At the moment of writing, my own house is in the process of being re-insulated with hemp and linen; all the walls are bare and some part of the roof. But soon my walls will be filled with the grasses that grow in the fields nearby to keep the wind out of the house. The only two rooms that are not torn apart now are the kitchen and the living room with the fireplace. Heat is something important and raises so many environmental questions. 

Sometimes I see music like this: something that can heat your heart and gather together. Very ancestral powers of togetherness. 

There was a huge storm last weekend here in the coastal region where I live and many roofs, electric power poles and trees were destroyed. It made me think about architecture. 

I think we will keep building and re-building until the next time. Nothing is permanent, but it’s interesting to wonder what enables you to stand, whether it’s your bones, the structure of your walls, the river you follow, the wind, a hand…

There is an embedded dichotomy between the inside x outside in your work. Can you elaborate on how it relates to sound?

Well, sound travels. From outside through your ear and skin to the inside of your body and mind. And then it goes back again. To find ideas and inspiration I need to go out, walk, listen, be in motion. And then I go back and write, draw, record; it is a state of flux, a bit like the tides. I think we are constantly in between these two states. Somehow music passes through you, but then it also leaves you, it is a moving energy!

You mentioned in an interview that you were drawn into music by experimental poetry. Spoken word and voice remain important in your oeuvre. Can you talk about the importance of the voice and poetry in your work?

I love reading, but also listening to people’s voices.

Poetry is a way for me to acknowledge that the world can’t be totally understood, that the world is multiple, that you have to rethink the meanings of things all the time, that words don’t have the same meaning depending on many things, so much depends on context. You have to read and question yourself, and read again. And question yourself again. 

I love this in poetry. That  it can take several times to get it. It’s a long term relationship with words.

What I find dazzling about poetry is that most of the time it’s the opposite of a statement, it’s a perpetual question. I feel full of questions!

Your latest release is inspired by the artist Georgia O’ Keeffe. What importance has art, literature and culture and its history and development in general have for you and your work?

I am always wondering how people live.
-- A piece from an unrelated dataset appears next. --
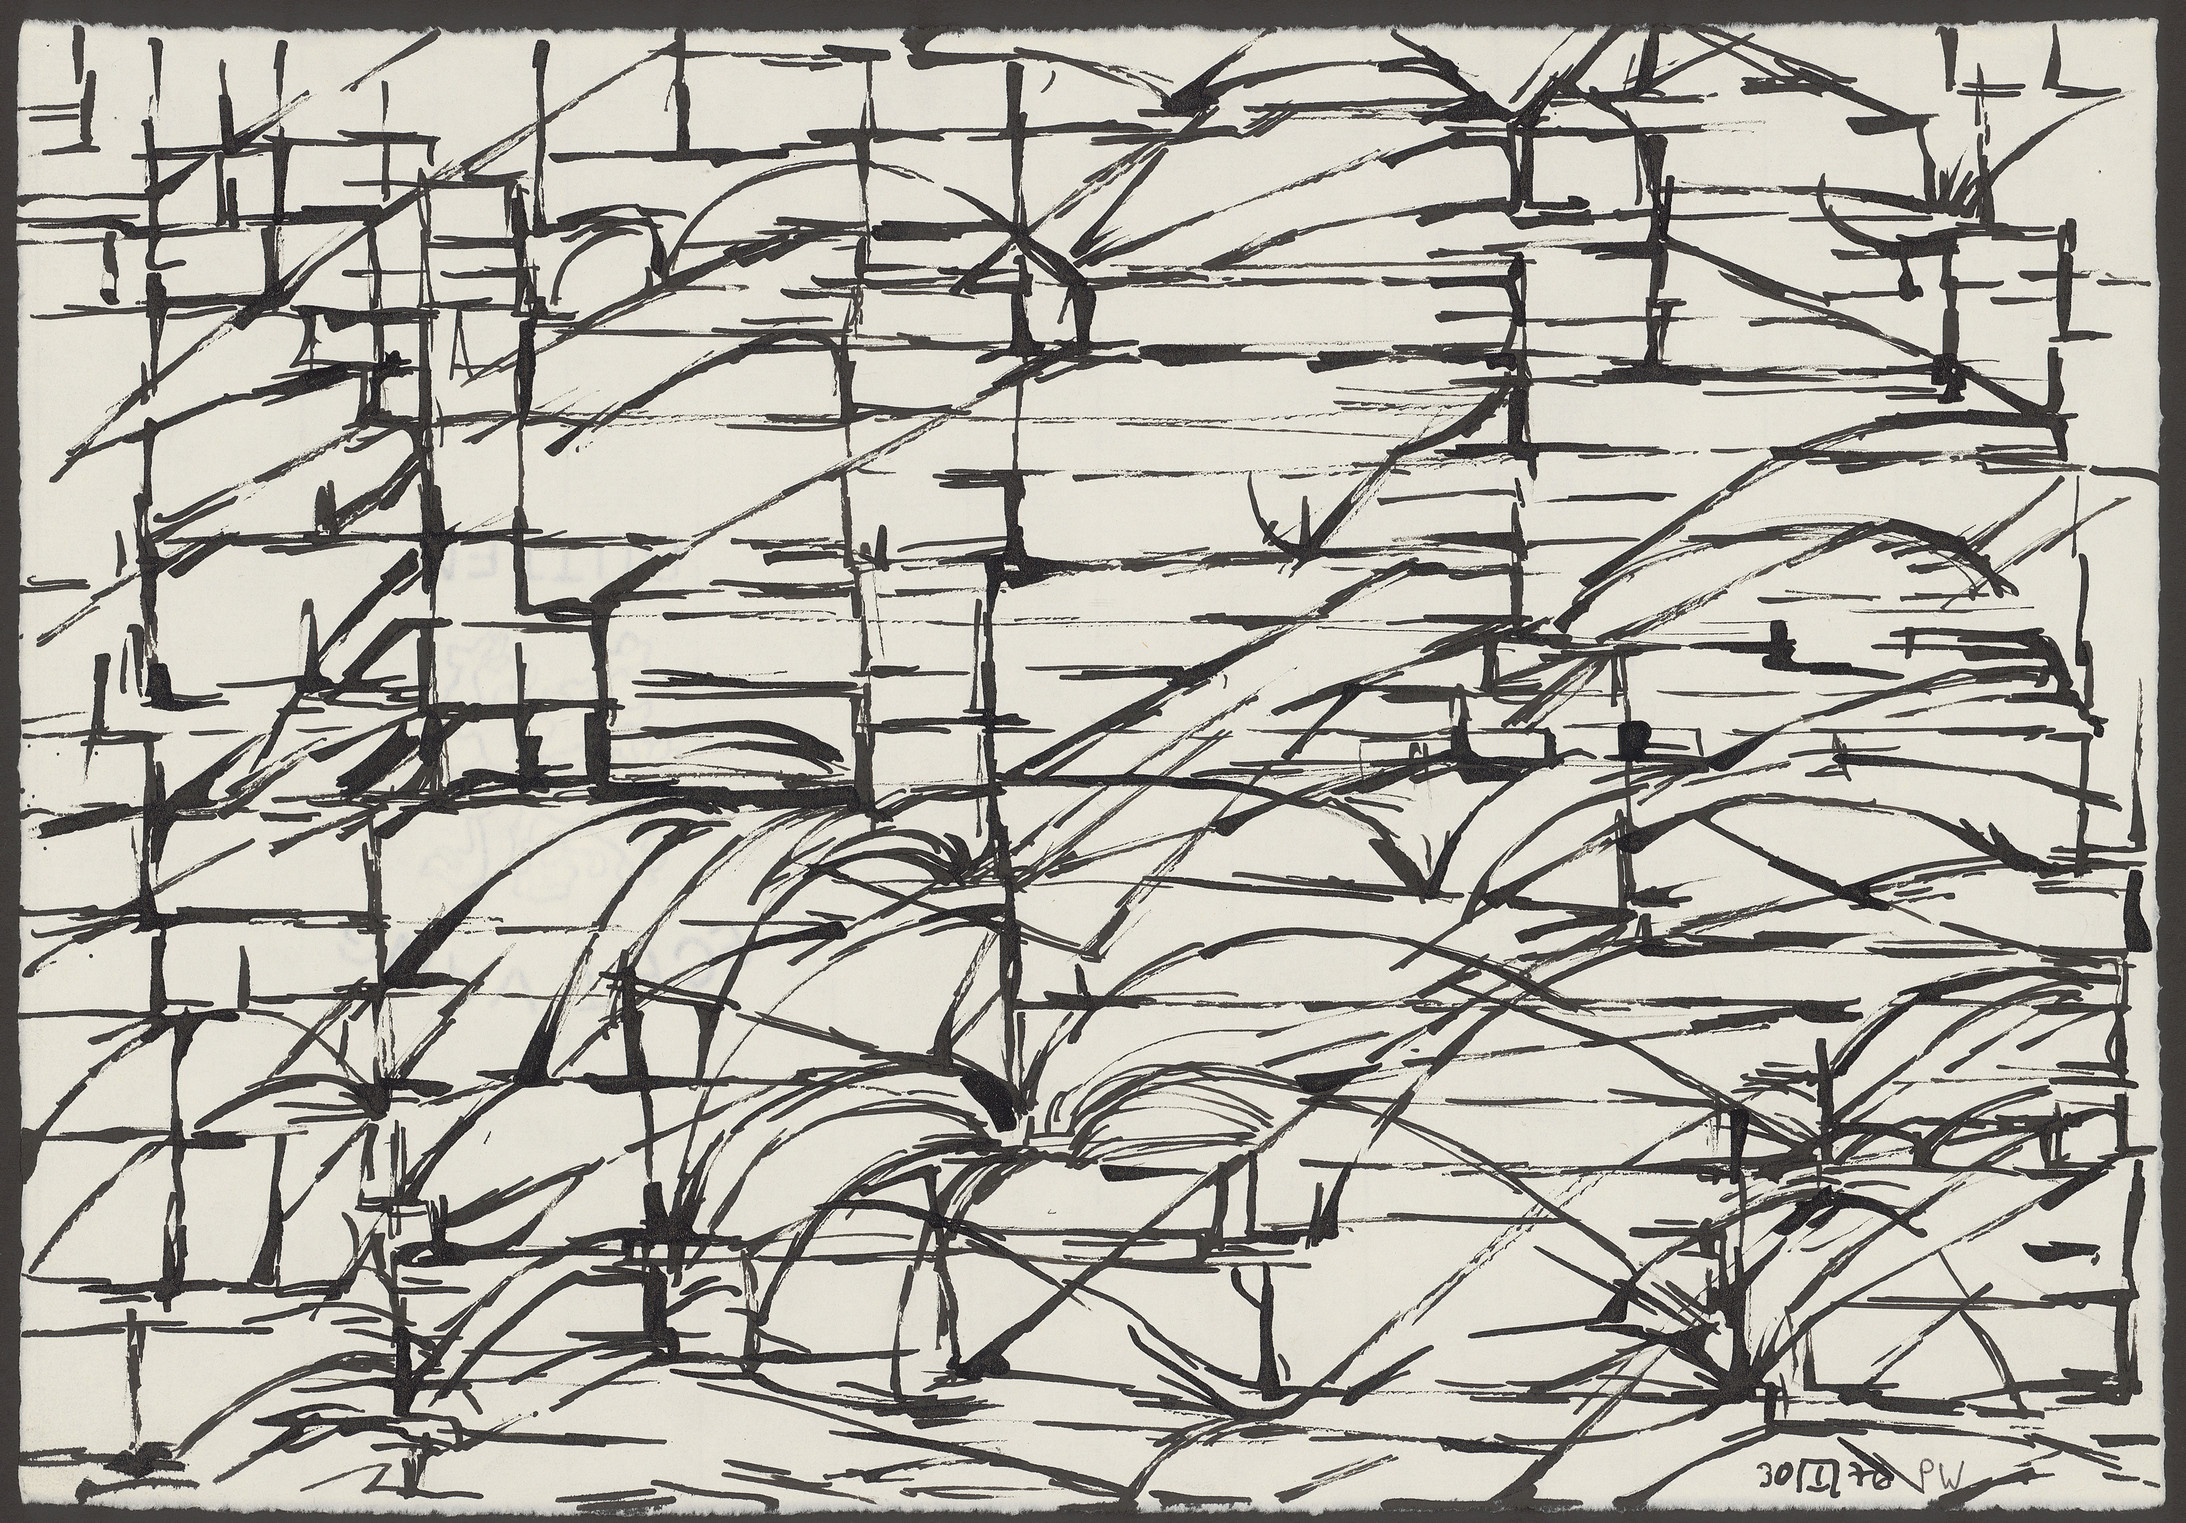 Peter Wechsler: Landschaftliches, 30.I.1976, Rohrfeder, Tusche auf weiss grundiertem Büttenpapier, 29,2 x 42,5 cm; Privatbesitz, © 2016 ProLitteris, Zürich
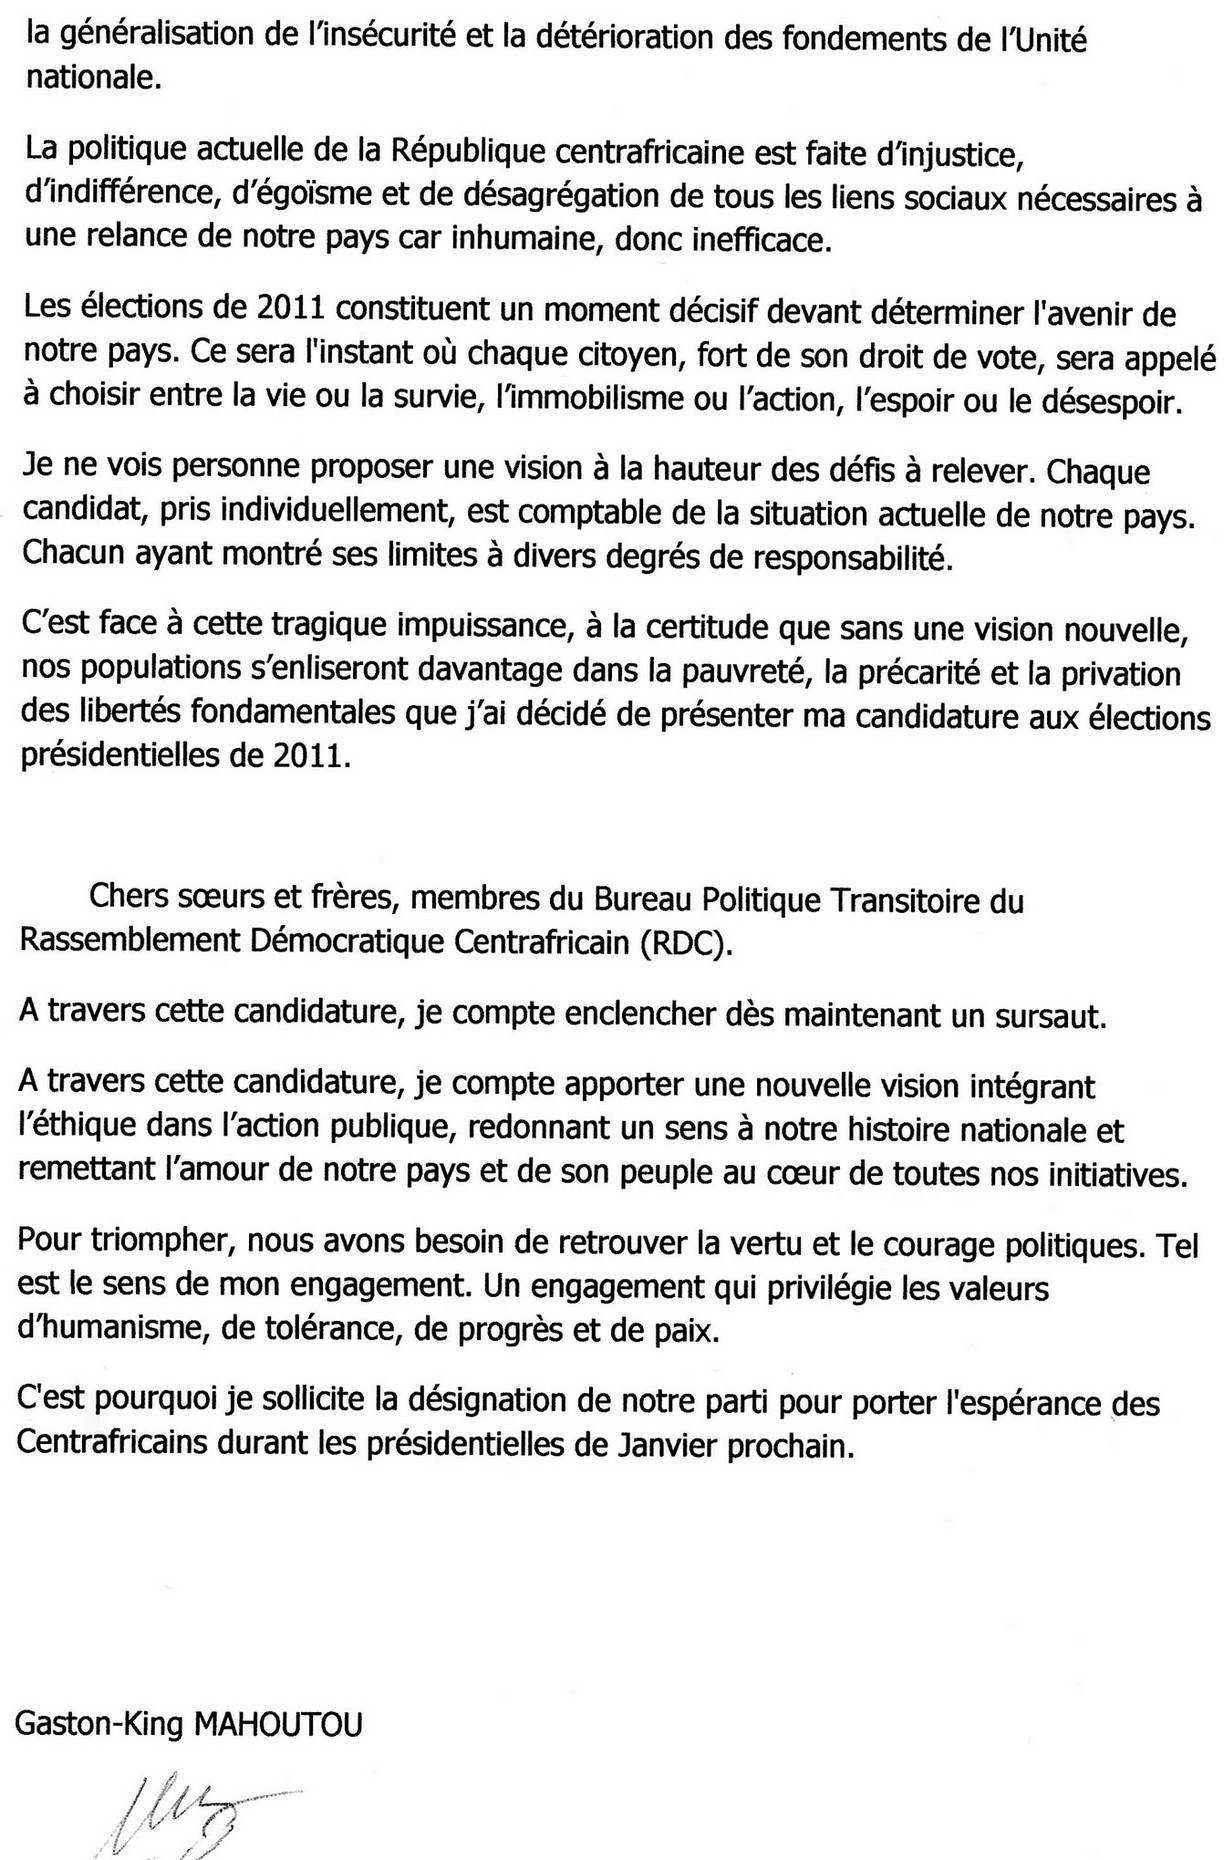 Gaston-King MAHOUTOU: DECLARATION DE CANDIDATURE AUX ELECTIONS PRESIDENTIELLES DE 2011 EN REPUBLIQUE CENTRAFRICAINE Part2

What it is to have a life’s work. Whether it’s an artist, a scientist, a cook, a gardener; How, during a whole life, people bear their work. How it affects their way of living. How it can become a whole ethic, or not. That’s what interests me the most, I think.

Interestingly, the impact the work of others has on you is not literal – rather, you mention a certain “deviation”, a certain creative dérive from the original, let’s say. 

I think works communicate with other works. 

See how Derek Jarman’s garden at Prospect Cottage has inspired many people. Jarman is not there anymore, but every day his films, his music, his writing and his gardening have an effect on people. I feel moved by it. 

And I absolutely love the situationist word “dérive”, absolutely. I often “derive” from art to music to gardening, etc.;. One practice feeds the other. It’s an ecosystem!

You mentioned that you’ve never really had a studio per se. That you’ve worked on the road, or wherever possible. Can you talk about your compositional process?

Most of the work I do is improvised. Which means I separate the moment when I think/research from the moment when I create. It’s two different phases of one process. For example, when I play live, I never know what I’m gonna play on the piano or say with my voice. But the electronic part is recorded, and lays a path I’ll follow, a structure that will draw the architecture of the form in which I’ll perform. Most of the time, I record with my phone (voice, field recording) and record the electronics with my laptop and keyboard in the room I happen to be in. But I also love “real studios”, it’s just that it’s very rare that I have the opportunity to get into one. One day I would love to build one in my garden.

In one interview you said: “Also, as a woman, I feel it’s important to re-interpret, re-phrase things or sounds that were made by men, and perform a «sex change» operation on them.” Do you think this has changed when you compare it to the period in the 2000’s when you were starting your career? 

What I meant is that a sound or a phrase can have multiple genders. I also like the word “ interpretation”. It doesn’t mean you modify what the writer meant, it means you perform it in a different way, like an actor performing a theatre text.

I love this idea that sometimes a text can inhabit different bodies.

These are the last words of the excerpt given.